The Los Colorados Formation is a sedimentary rock formation of the Ischigualasto-Villa Unión Basin, found in the provinces of San Juan and La Rioja in Argentina. The formation dates back to the Norian age of the Late Triassic.

The up to 600 metres (2,000 ft) thick formation comprises sandstones, siltstones, mudstones and conglomerates with gypsum layers deposited in a fluvial to lacustrine environment. The formation is the uppermost stratigraphic unit of the Agua de la Peña Group, overlying the Lagerstätte of the Ischigualasto Formation. Los Colorados Formation is partly covered by the Cretaceous Cerro Rajado Formation, separated by an unconformity.

The formation is known for its fossils of early dinosaurs, including the coelophysoid Zupaysaurus and the "prosauropods" Coloradisaurus, Lessemsaurus, and Riojasaurus. Magnetostratigraphic analysis suggests that the Los Colorados Formation was deposited between 227 and 213 million years ago.

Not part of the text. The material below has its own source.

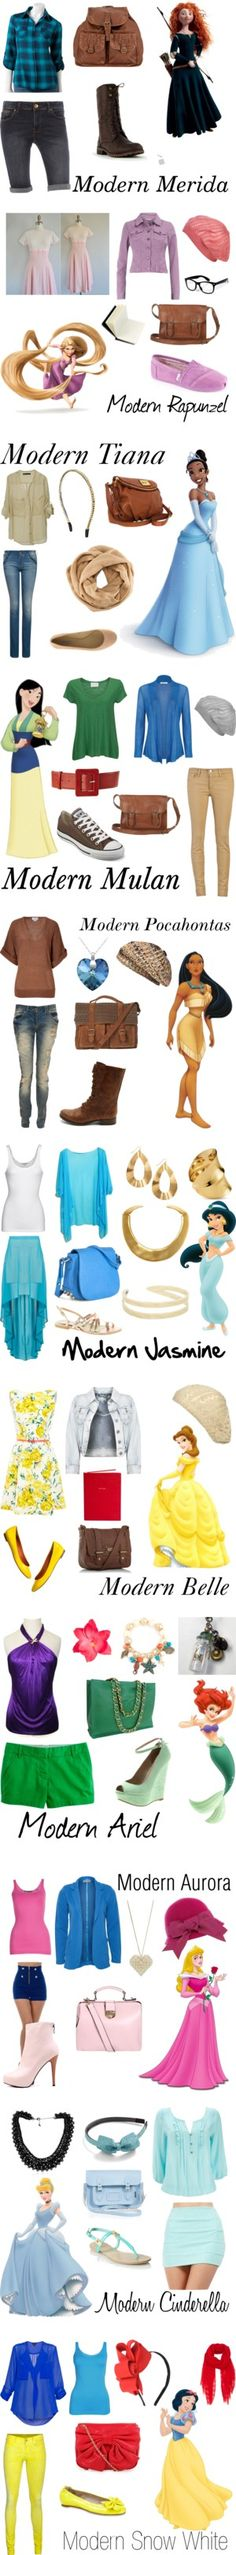 """Modern Disney Princesses"" by sharkbitegal on Polyvore"

Los Colorados Formation is a unit with an approximate thickness of 600 metres (2,000 ft) of the Agua de la Peña Group in the Ischigualasto-Villa Unión Basin, where it is exposed in the Ischigualasto Provincial Park, a World Heritage Site in Argentina. The formation gradually overlies the Ischigualasto Formation and is unconformably overlain by the Cretaceous Cerro Rajado Formation. The formation comprises red-colored, fine- to medium-grain–size sandstones together with siltstones and ancillary floodplain mudstones with early calcisol development. The formation was deposited in a fluvial to lacustrine environment.

Indeterminate theropod remains present in the Provincia de la Rioja.